Algumas utilizações típicas poderiam incluir:

  • criação de programas de prevenção nas escolas, por exemplo sobre alimentação e dependências
  • reforço dos cuidados de saúde primários e da deteção precoce de diabetes e hipertensão
  • financiamento de programas de desabituação e apoio para pessoas com dependência do álcool
  • subsidiação de alternativas mais saudáveis, como iniciativas de água da torneira ou oferta de atividades desportivas

O objetivo destas medidas é não ficar apenas pelo tratamento de sintomas, mas atuar nas causas: sedentarismo, alimentação pouco saudável e padrões problemáticos de consumo de álcool.

O que significam termos como “imposto especial de consumo” e “preço real”

Muitas das propostas da OMS dependem de pormenores fiscais que raramente entram na conversa do dia a dia. Os impostos especiais de consumo (muitas vezes designados por “excise tax”) são taxas específicas aplicadas a determinados produtos - como tabaco, álcool ou combustíveis. Acrescentam-se ao IVA e têm como finalidade influenciar, de forma direcionada, quanto e o que se consome.

Já o preço real descreve o custo de um produto em relação aos salários e ao nível geral de preços. Se houver apenas aumento de preços, mas também subida de salários, alguns bens podem manter-se igualmente acessíveis em termos reais - ou até ficar mais acessíveis - apesar de serem mais caros em termos nominais. É precisamente isto que a OMS critica: sem atualizar impostos com a inflação e os rendimentos, a capacidade de orientar o consumo vai-se perdendo ao longo do tempo.
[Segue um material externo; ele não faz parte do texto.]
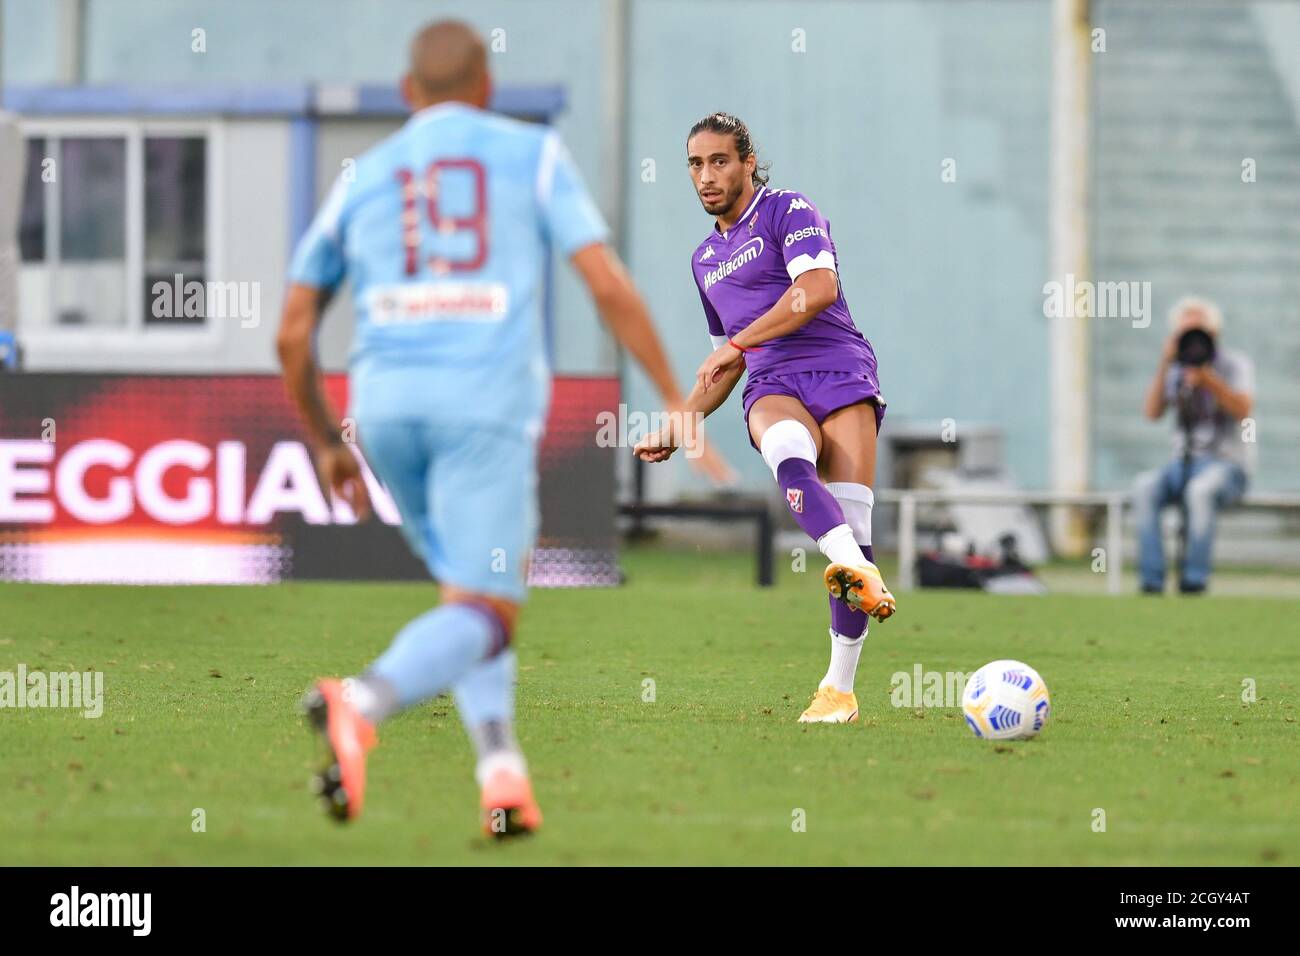 Florence, Italy. 12th Sep, 2020. Florence, Italy, 12 Sep 2020, Martin Caceres (Fiorentina) during Fiorentina vs Reggiana - Soccer Test Match - Credit: LM/Lisa Guglielmi Credit: Lisa Guglielmi/LPS/ZUMA Wire/Alamy Live News Stock Photo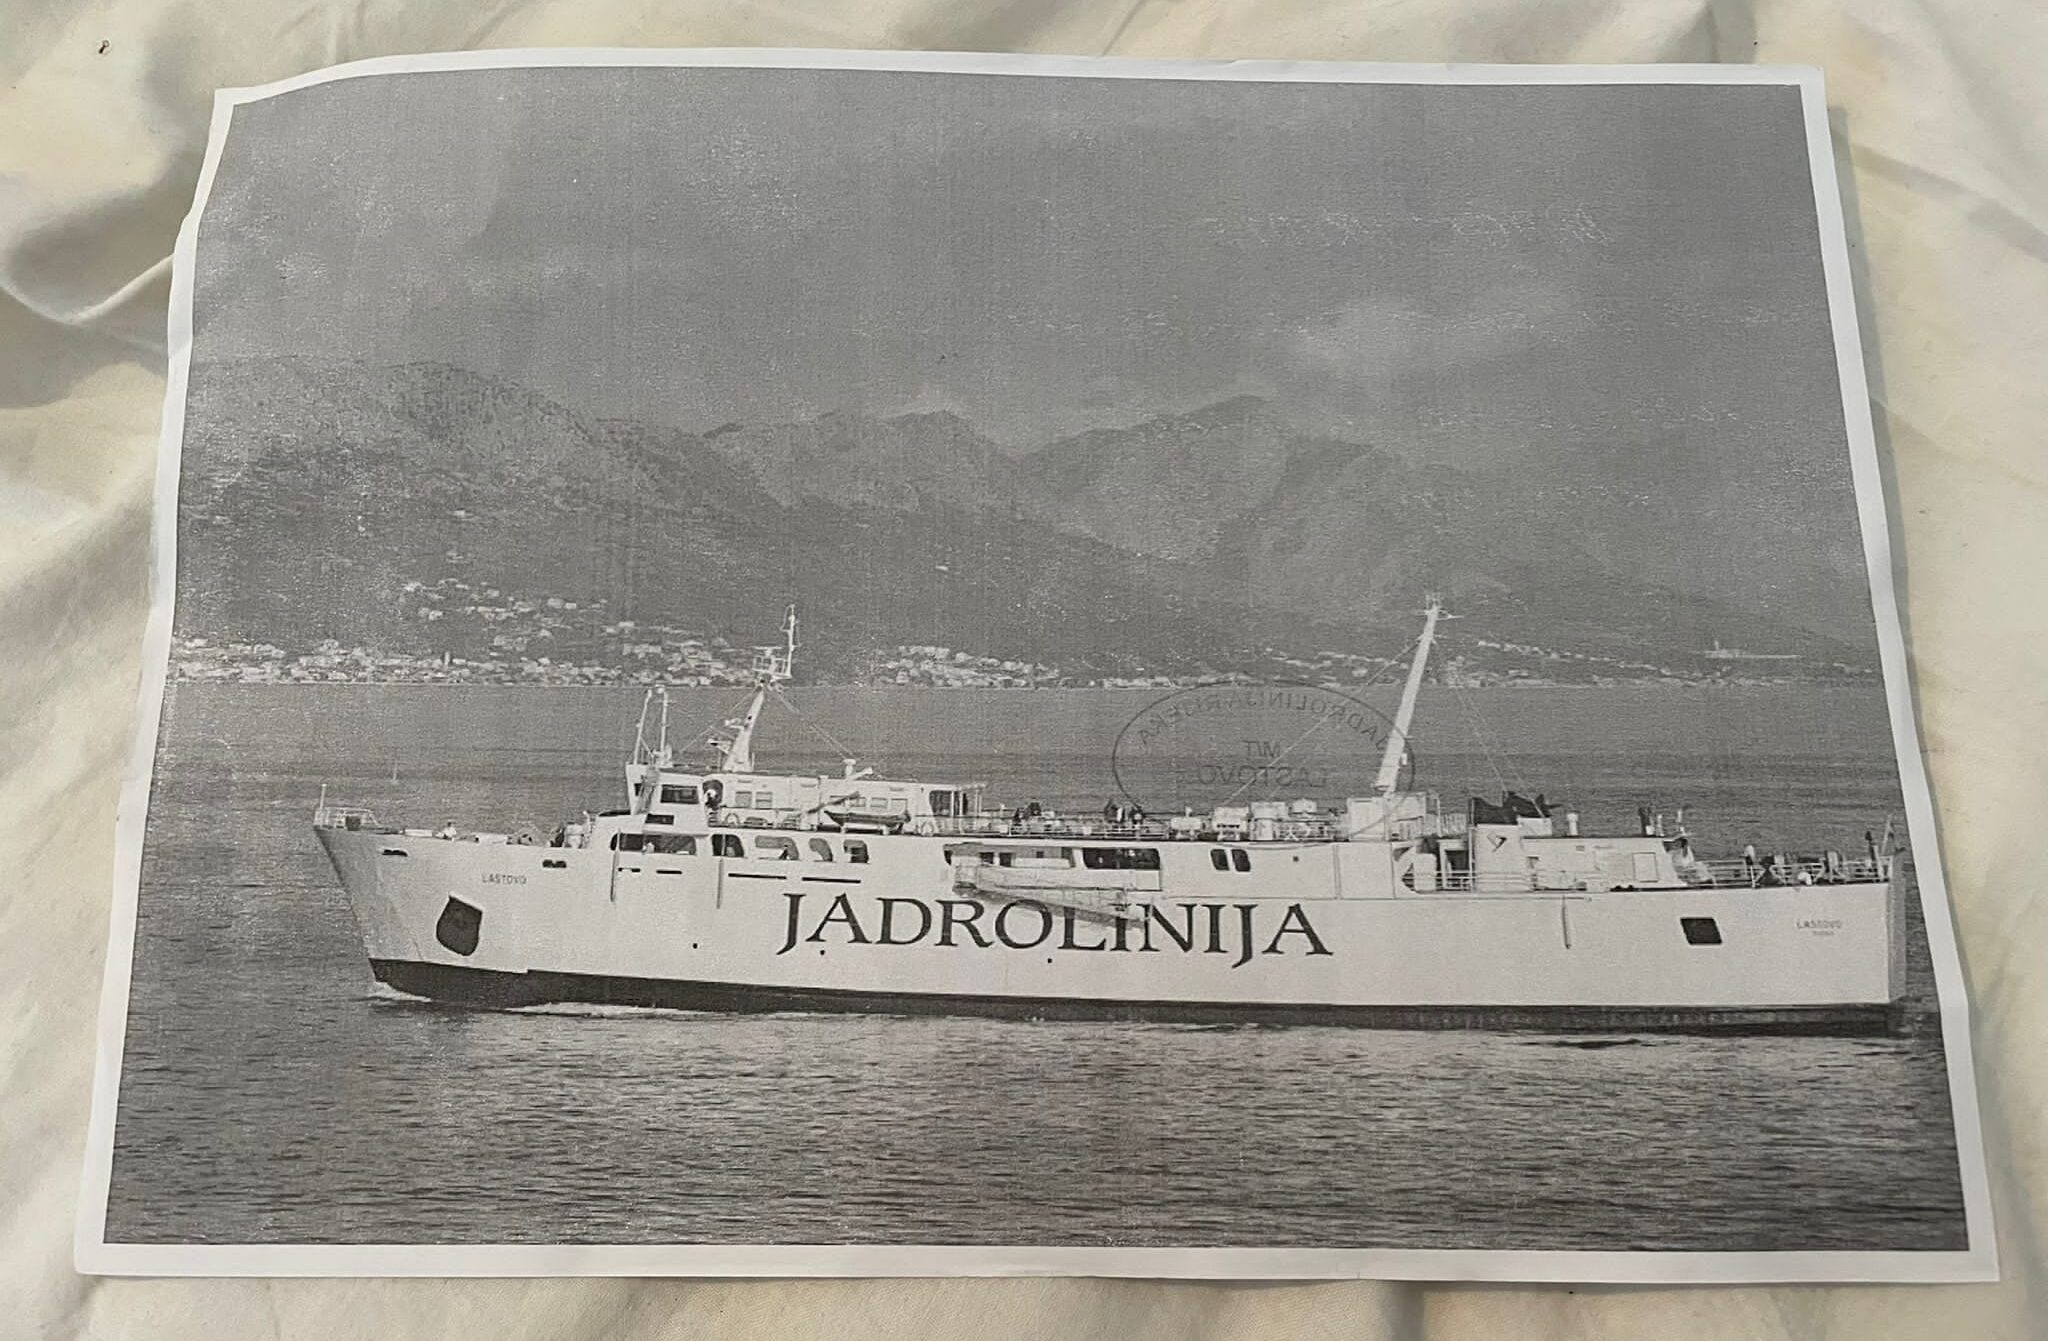 Boy greets Jadrolinija ferry everyday for two months and gets beautiful surprise from captain

Há ainda um efeito cumulativo: quem bebe bebidas açucaradas regularmente durante anos e, ao mesmo tempo, tem pouca atividade física aumenta de forma clara o risco de doenças cardiovasculares. Se, além disso, consumir álcool com regularidade, a situação agrava-se - por exemplo, em casos de hipertensão ou fígado gordo. Por isso, a OMS não analisa cada produto isoladamente, mas sim o conjunto de cargas que o organismo vai acumulando.